Estimating and backtesting risk under heavy tails

TL;DR

This paper addresses bias in risk estimation under heavy tails, proposing a new bias correction algorithm that improves accuracy and efficiency in small samples, especially with heavy-tailed or heteroscedastic data.

Contribution

It introduces a novel bias correction algorithm for risk estimation, applicable to generalized Pareto distributions and GARCH models, enhancing accuracy under heavy tails.

Findings

Bias correction improves risk estimation accuracy

Algorithm enhances efficiency with heavy tails and heteroscedasticity

Application to GARCH models demonstrates practical benefits

Abstract

While the {estimation} of risk is an important question in the daily business of banking and insurance, many existing plug-in estimation procedures suffer from an unnecessary bias.
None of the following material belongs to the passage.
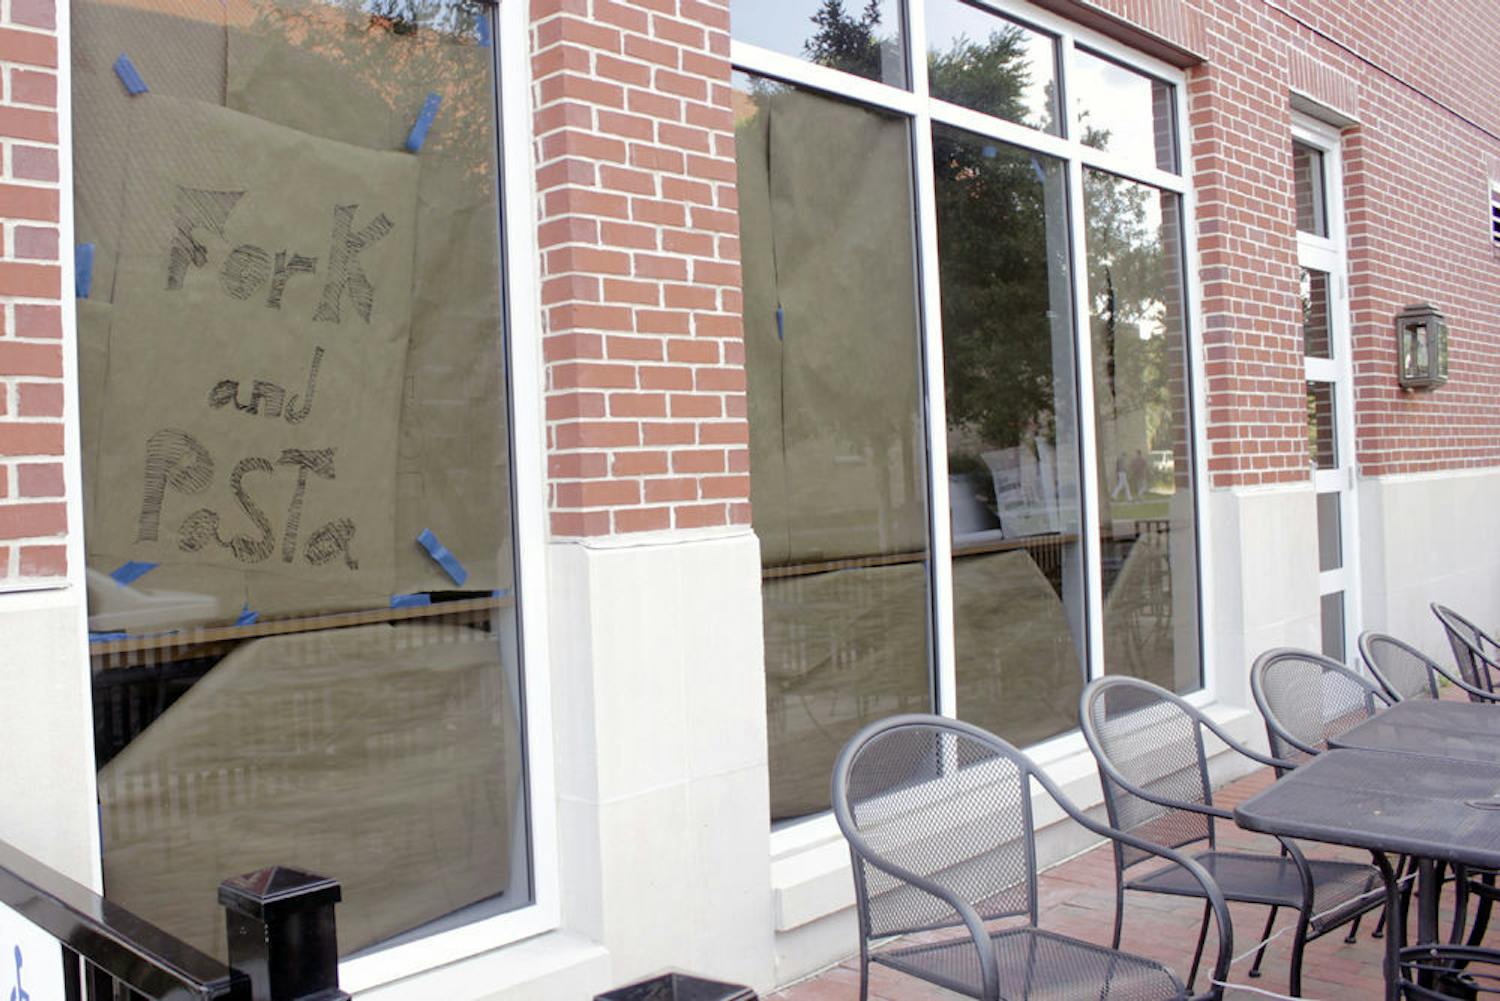 A paper sign hangs in the window of Fork and Pasta at 1802 W University Ave. on Wednesday.
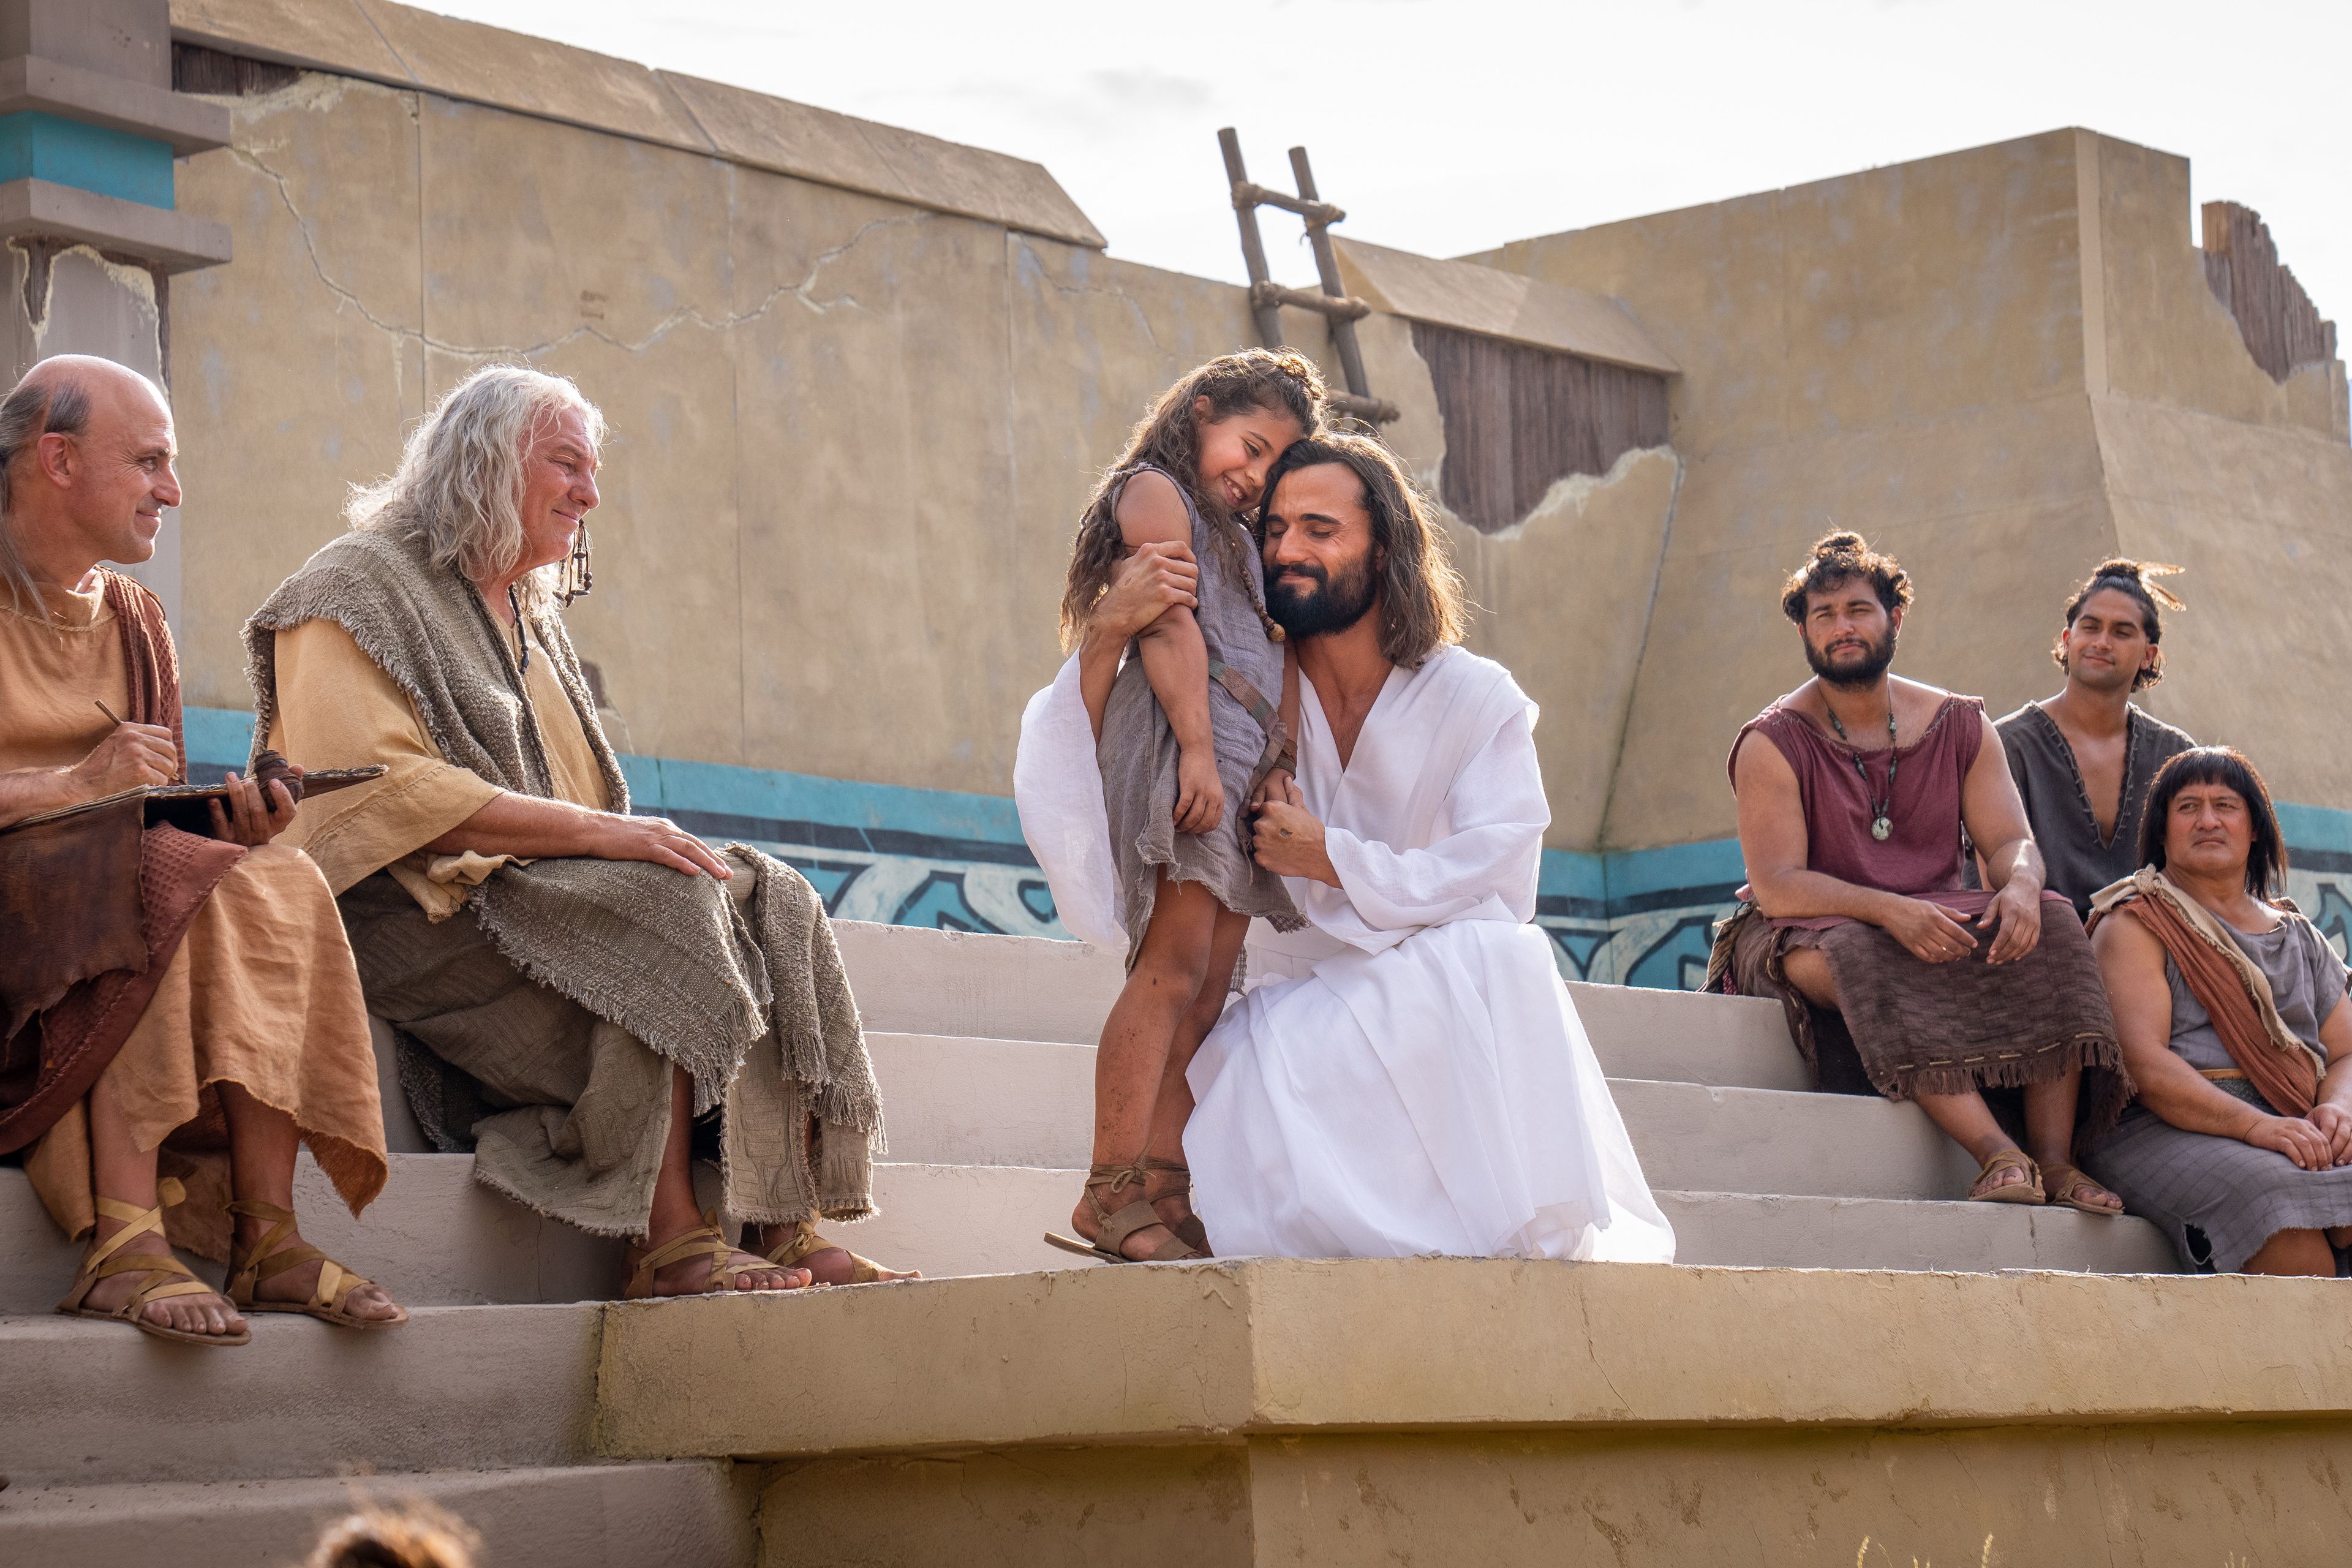 Jesus Christ greets Nephites on the steps of the Bountiful Temple. He embraces a young Nephite girl.

This often leads to the underestimation of risk and negatively impacts backtesting results, especially in small sample cases. In this article we show that the link between estimation bias and backtesting can be traced back to the dual relationship between risk measures and the corresponding performance measures, and discuss this in reference to value-at-risk, expected shortfall and expectile value-at-risk. Motivated by the consistent underestimation of risk by plug-in procedures, we propose a new algorithm for bias correction and show how to apply it for generalized Pareto distributions to the i.i.d. setting and to a GARCH(1,1) time series. In particular, we show that the application of our algorithm leads to gain in efficiency when heavy tails or heteroscedasticity exists in the data.